→ DATA SHOWN:

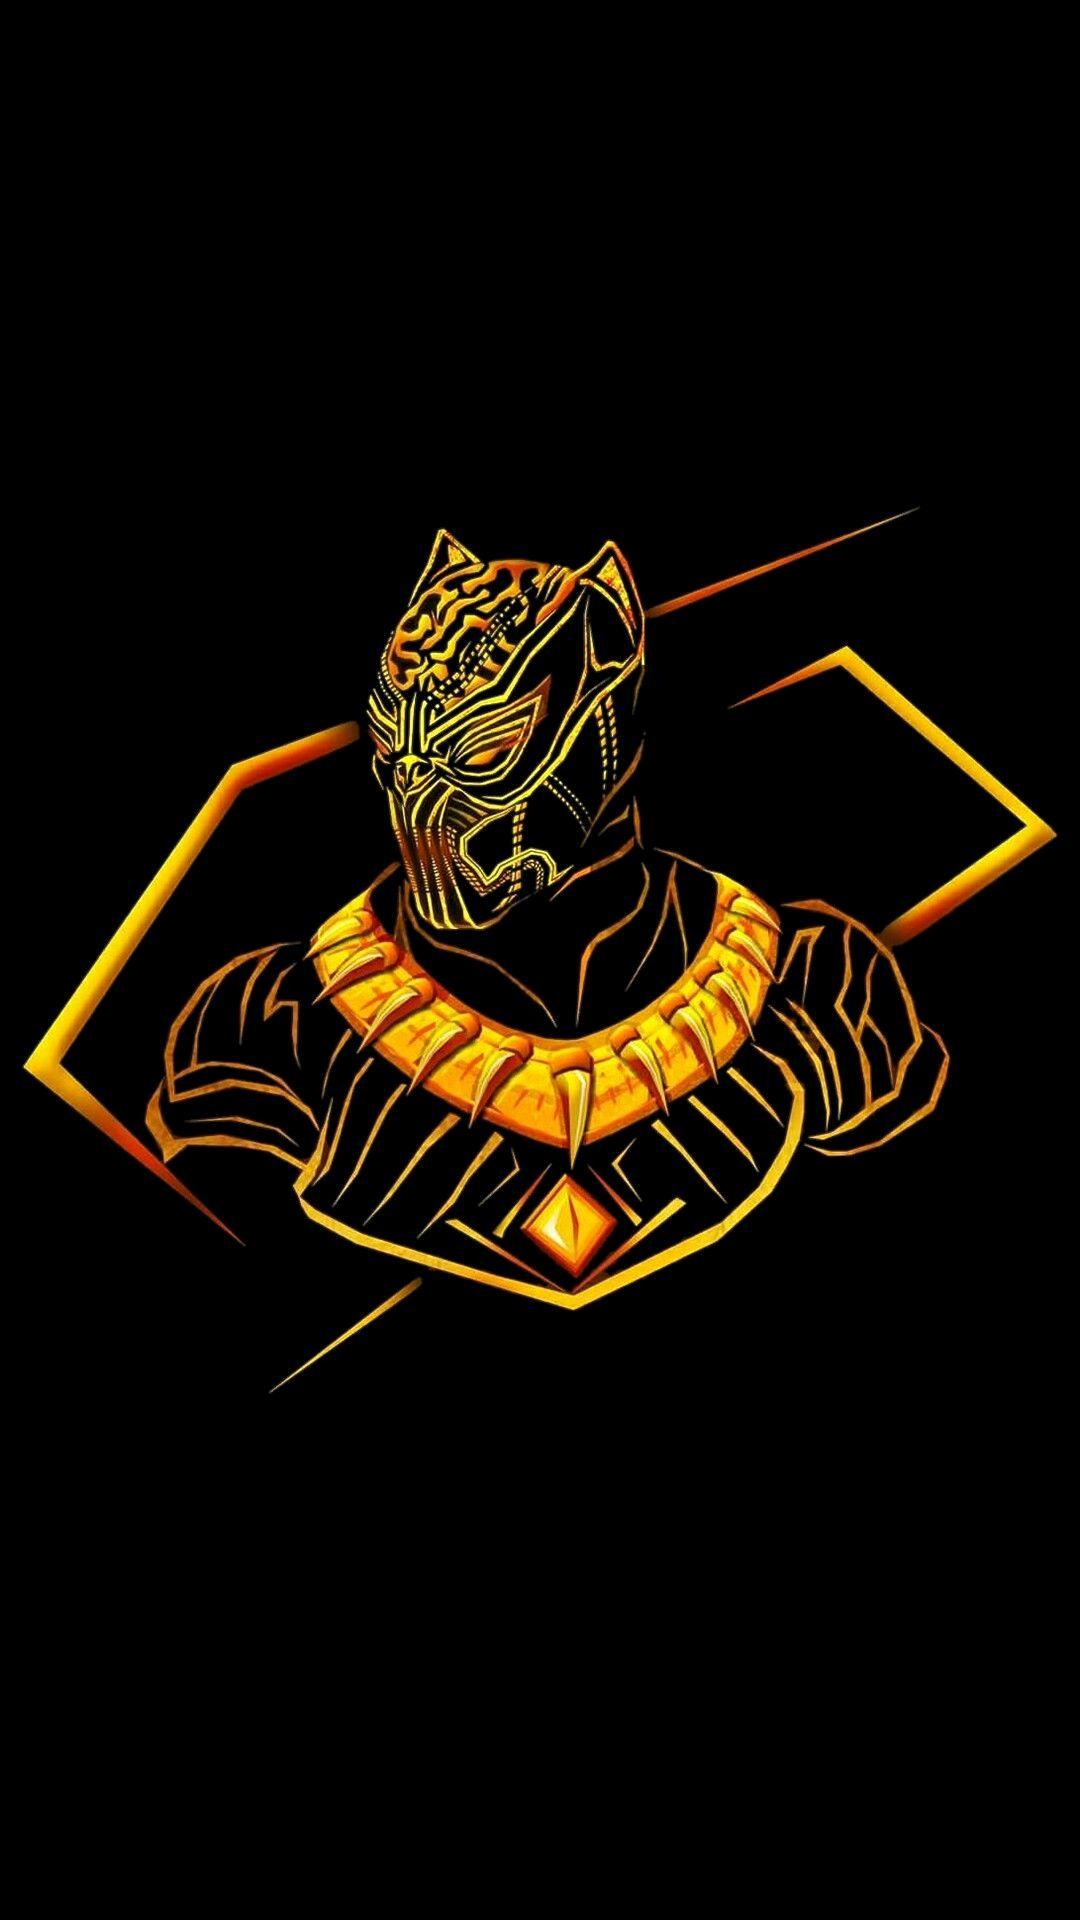 Black Panther Neon Glow Avengers Iphone Wallpaper
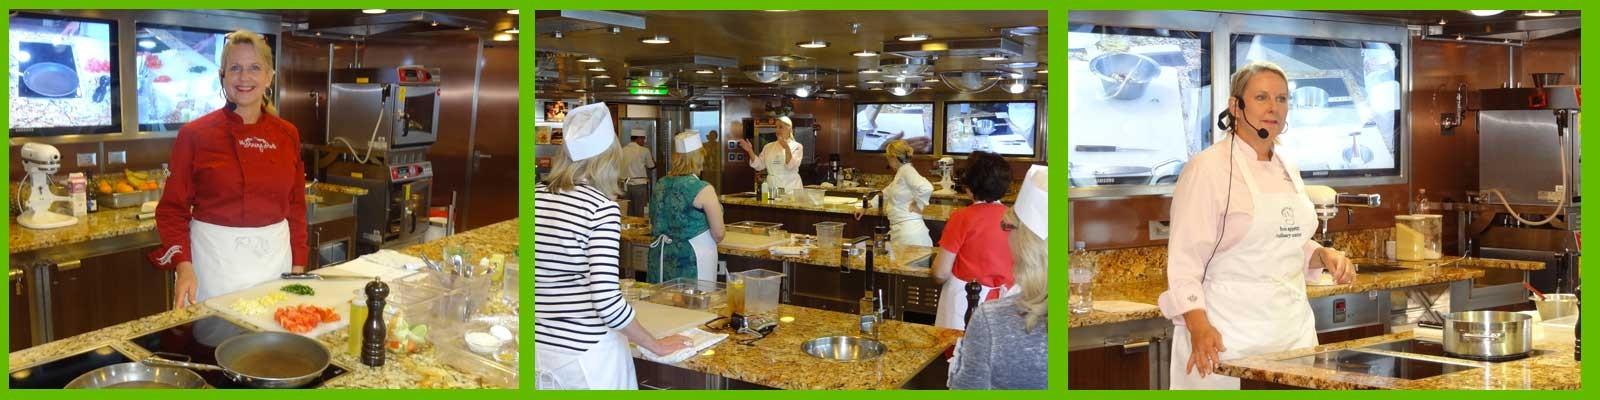 Culinary Instruction
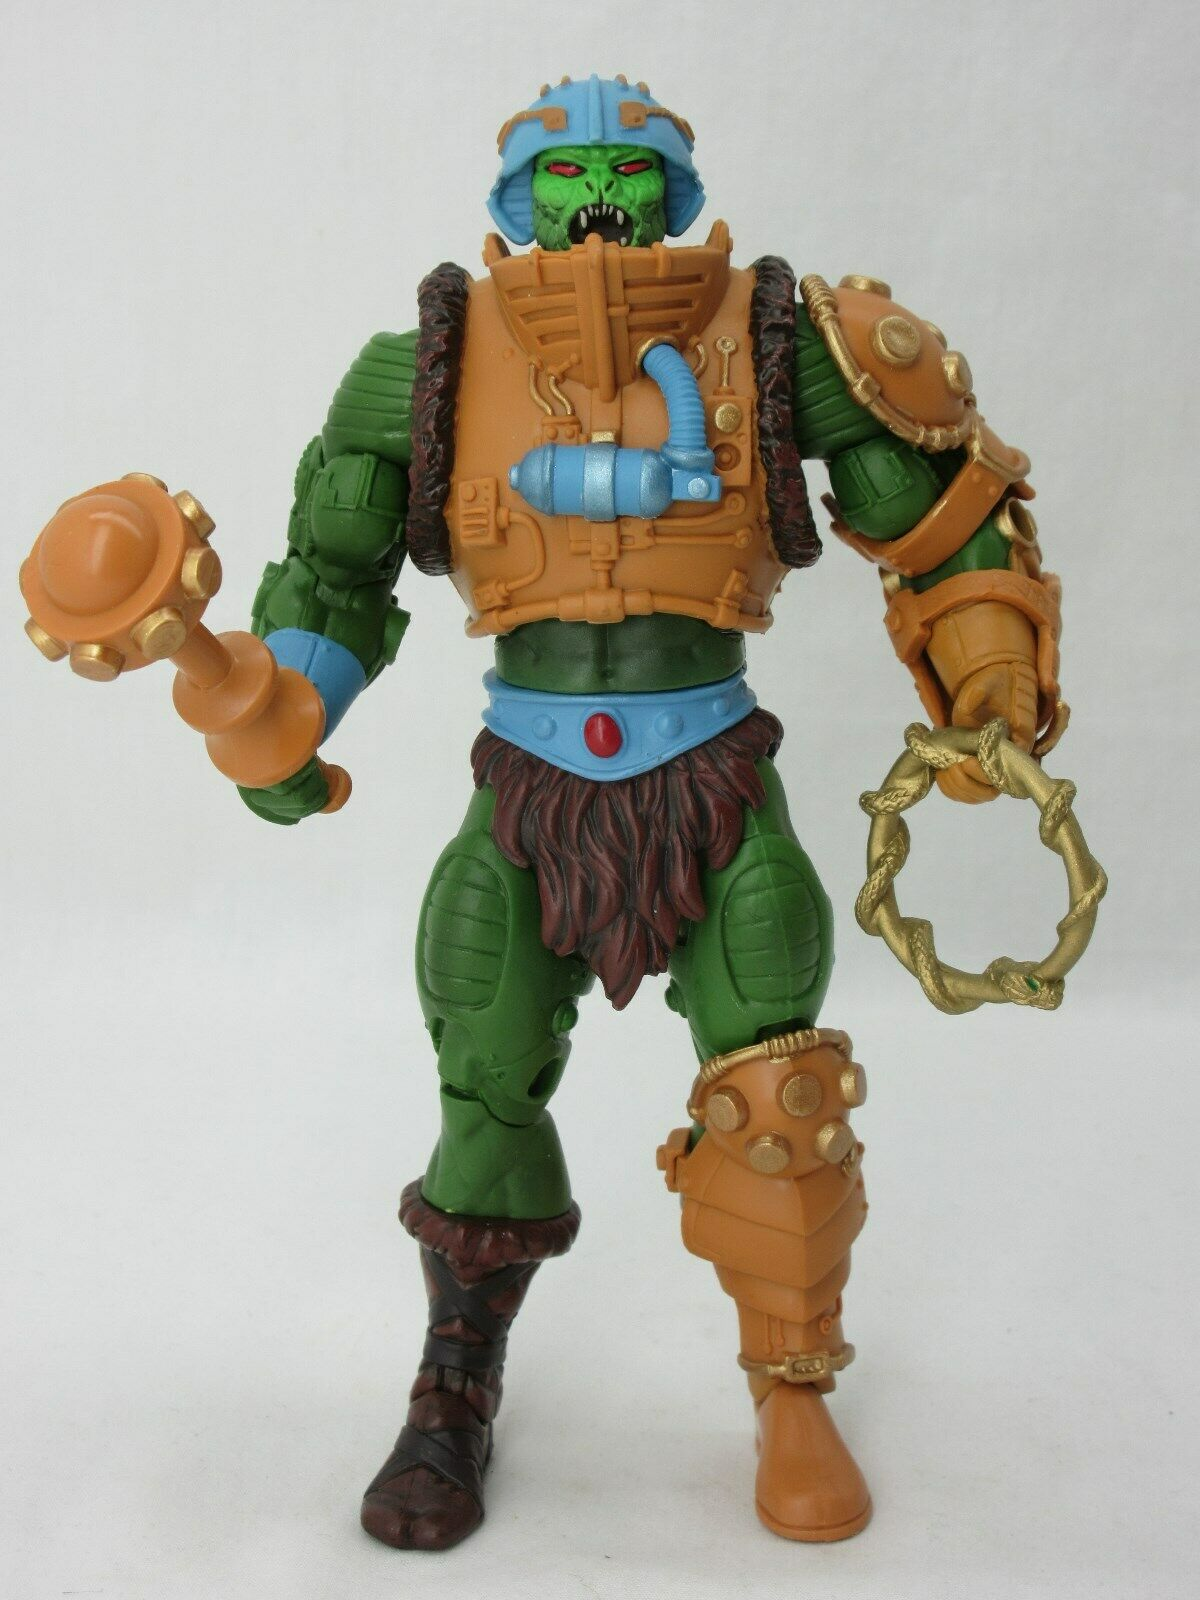 MOTUC,MOTU,SNAKE MAN-AT-ARMS,Masters MAN-AT-ARMS,Masters MAN-AT-ARMS,Masters Of The Universe Classics,Complete,He man  ecd7f9

→ WORK REQUIRED: Set the material down exactly, images excluded.

→ TASK RESULT:
 Black Panther Neon Glow Avengers Iphone Wallpaper
 Culinary Instruction
 MOTUC,MOTU,SNAKE MAN-AT-ARMS,Masters MAN-AT-ARMS,Masters MAN-AT-ARMS,Masters Of The Universe Classics,Complete,He man  ecd7f9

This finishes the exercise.